"Bouleversé" par l’épidémie de coronavirus, l’Ehpad de Thise panse ses plaies

Publié le 20/04/2020 - 12:00
Mis à jour le 20/04/2020 - 12:00

26 des 79 résidents de l’établissement sont décédés. Un traumatisme pour les personnes âgées, les familles et le personnel. Il va falloir du temps pour l’apprivoiser, même si un élan de vie rejaillit déjà, indique ce 20 avril 2020 l'AFP.

© DR  ©
© DR ©

« Un virus peut bouleverser toute une vie. On n’en sortira pas tous indemnes » : pendant un long mois, le personnel et les résidents de l’Ehpad de Thise, près de Besançon, ont lutté contre le Covid-19, avant de circonscrire l’épidémie qui a emporté un quart des pensionnaires. « Notre métier, c’est d’accompagner la fin de vie », poursuit la directrice de l’établissement, Charlotte Euvrard, « ça fait partie de notre travail d’avoir des décès », mais pas autant.

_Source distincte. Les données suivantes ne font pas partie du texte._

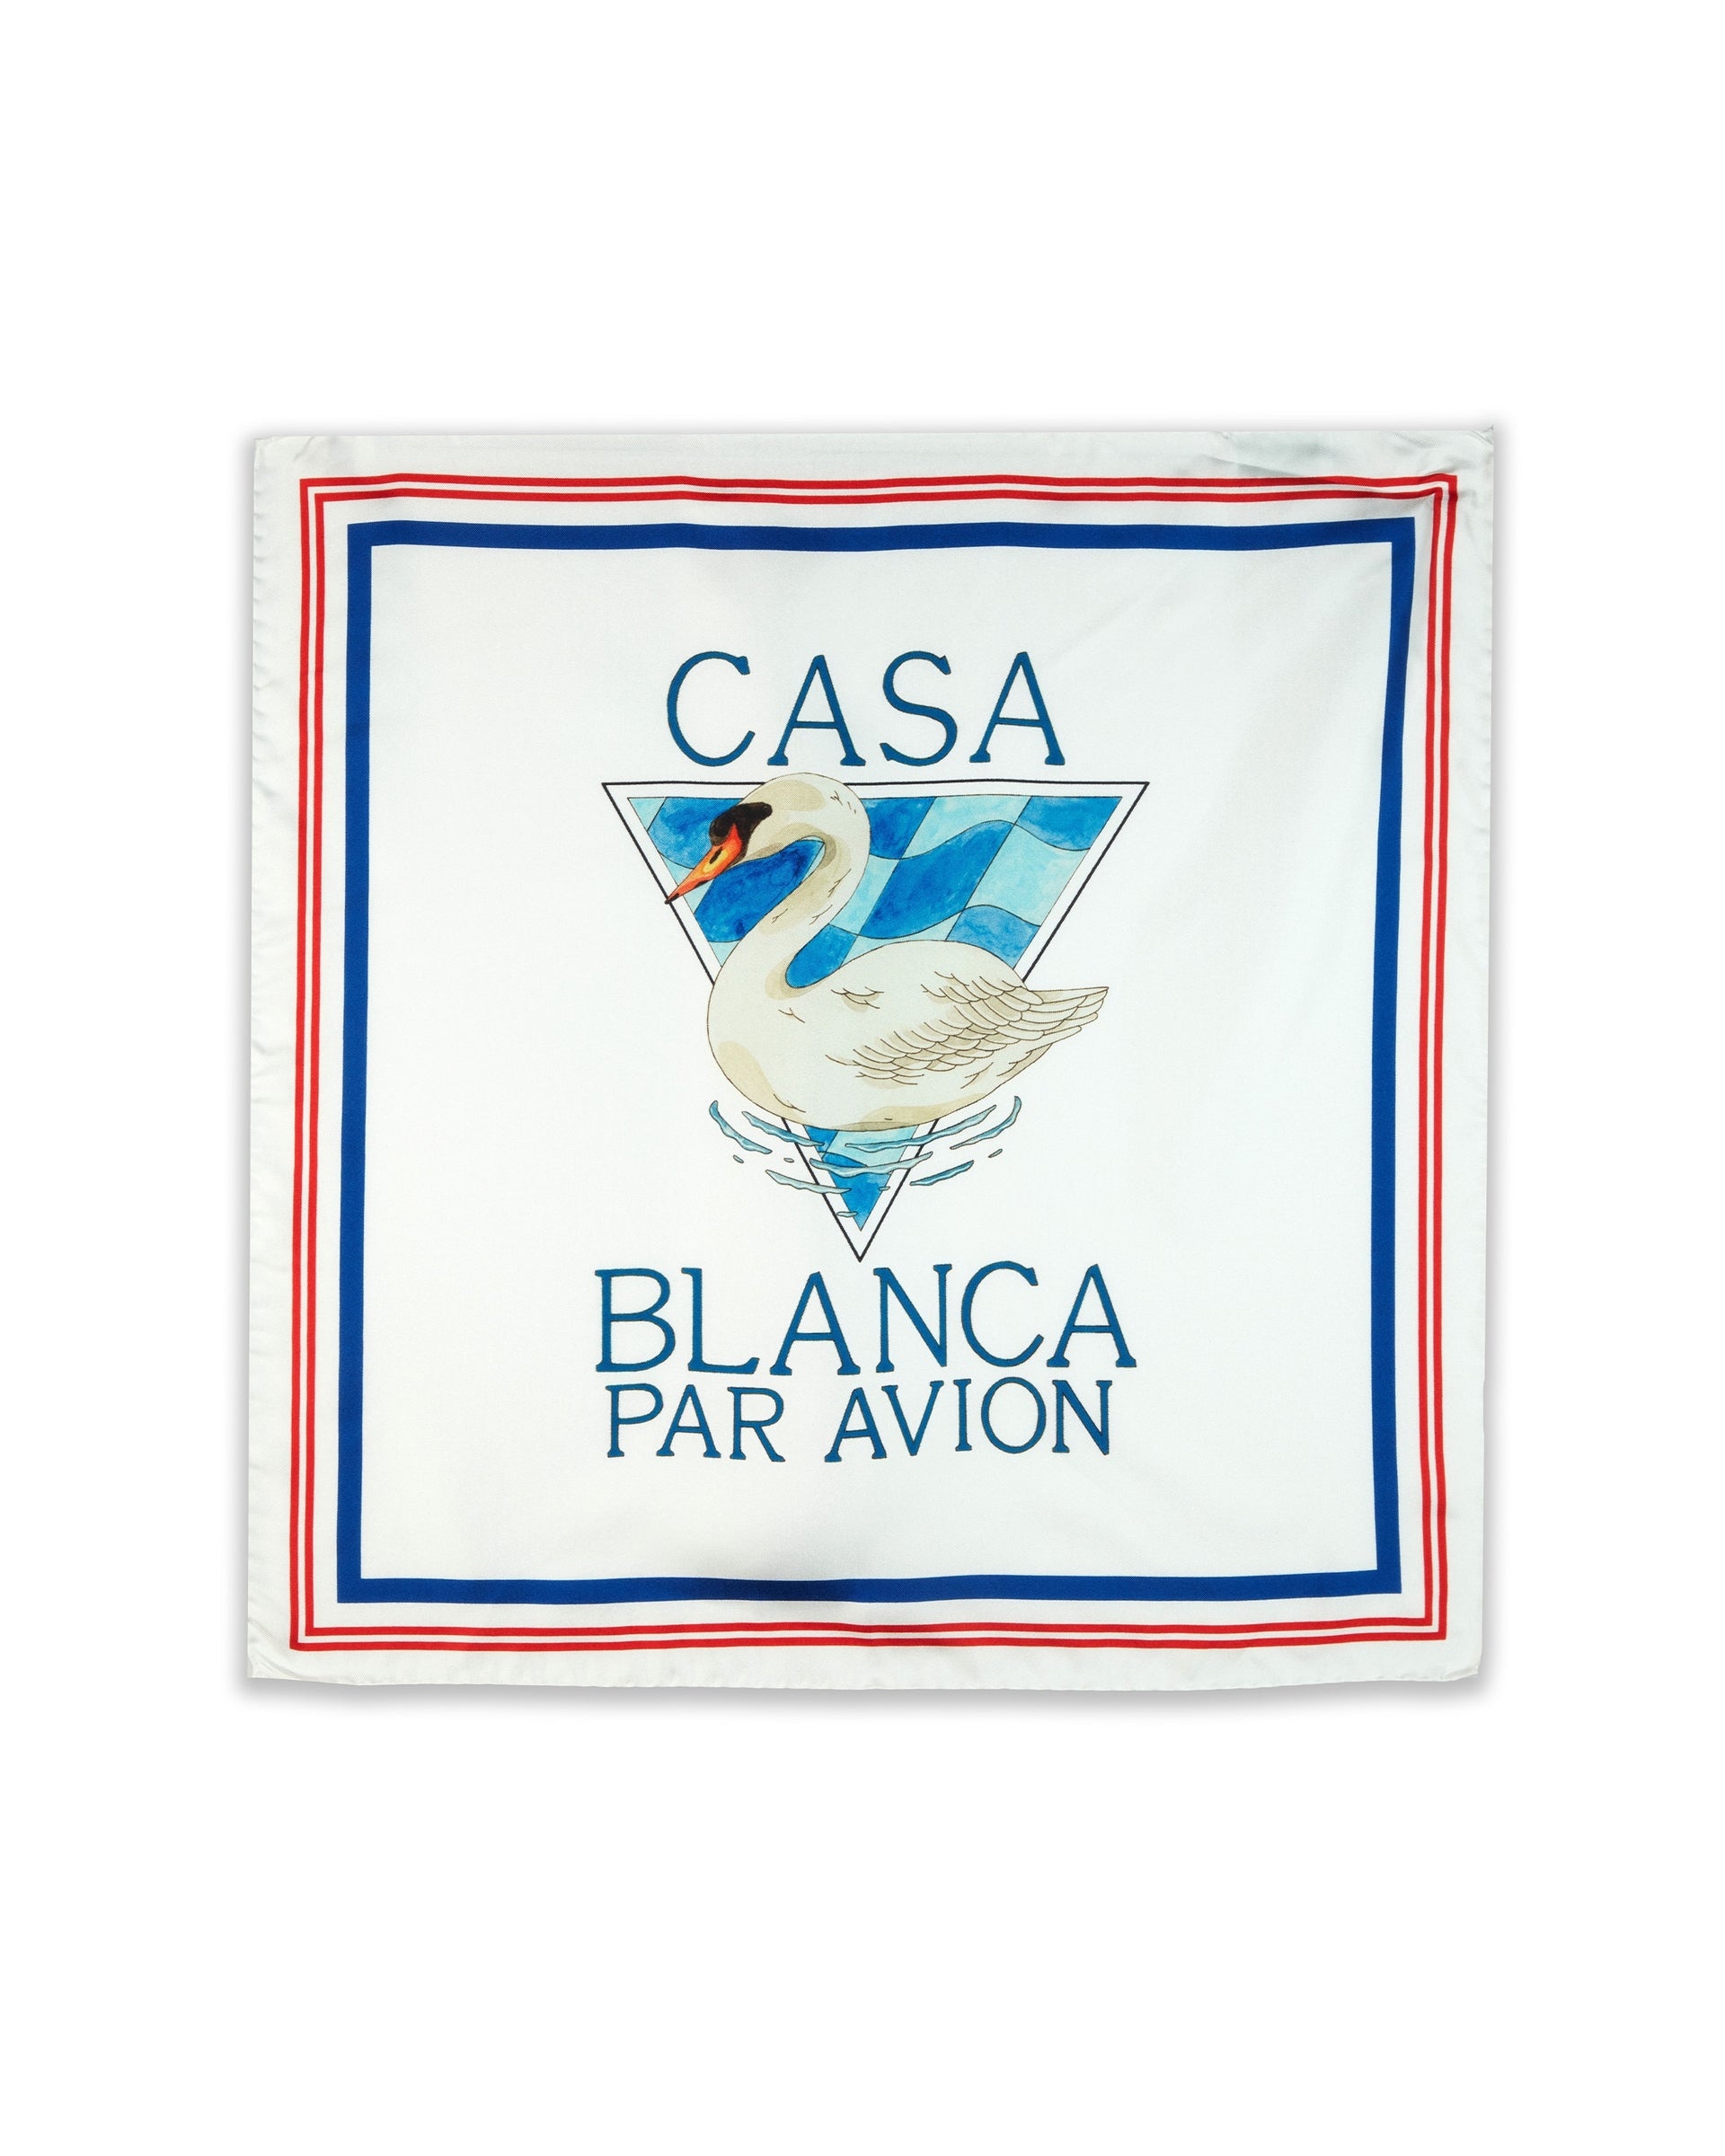 Casablanca Par Avion Silk Scarf - 1

Thérèse Simonnet, 92 ans, se remet doucement de la disparition depuis début mars de 26 des 79 résidents de l’Ehpad (établissement d’hébergement pour personnes âgées dépendantes) Vill’alizé de Thise. Dix-neuf de ces décès ont formellement été attribués au Covid-19, même si toutes les victimes n’ont pas été testées. « Certains sont partis. Il y a eu beaucoup de morts », témoigne cette charmante grand-mère en chemise rose.

Infectée par le virus, Mme Simonnet a eu « peur de mourir« . « Vous perdez votre vitalité, vos forces… et finalement, pour moi, ça revient petit à petit », confie la survivante, décidée à « garder le moral » malgré sa grande fatigue, ses douleurs et ses difficultés à marcher. Dès le 2 mars, à l’aube d’une épidémie qui a déjà fait près de 18 000 morts en France, dont 6 860 dans les Ehpad et autres établissements médico-sociaux, les premiers symptômes du nouveau coronavirus ont fait leur apparition au sein de cette maison de retraite du groupe Korian.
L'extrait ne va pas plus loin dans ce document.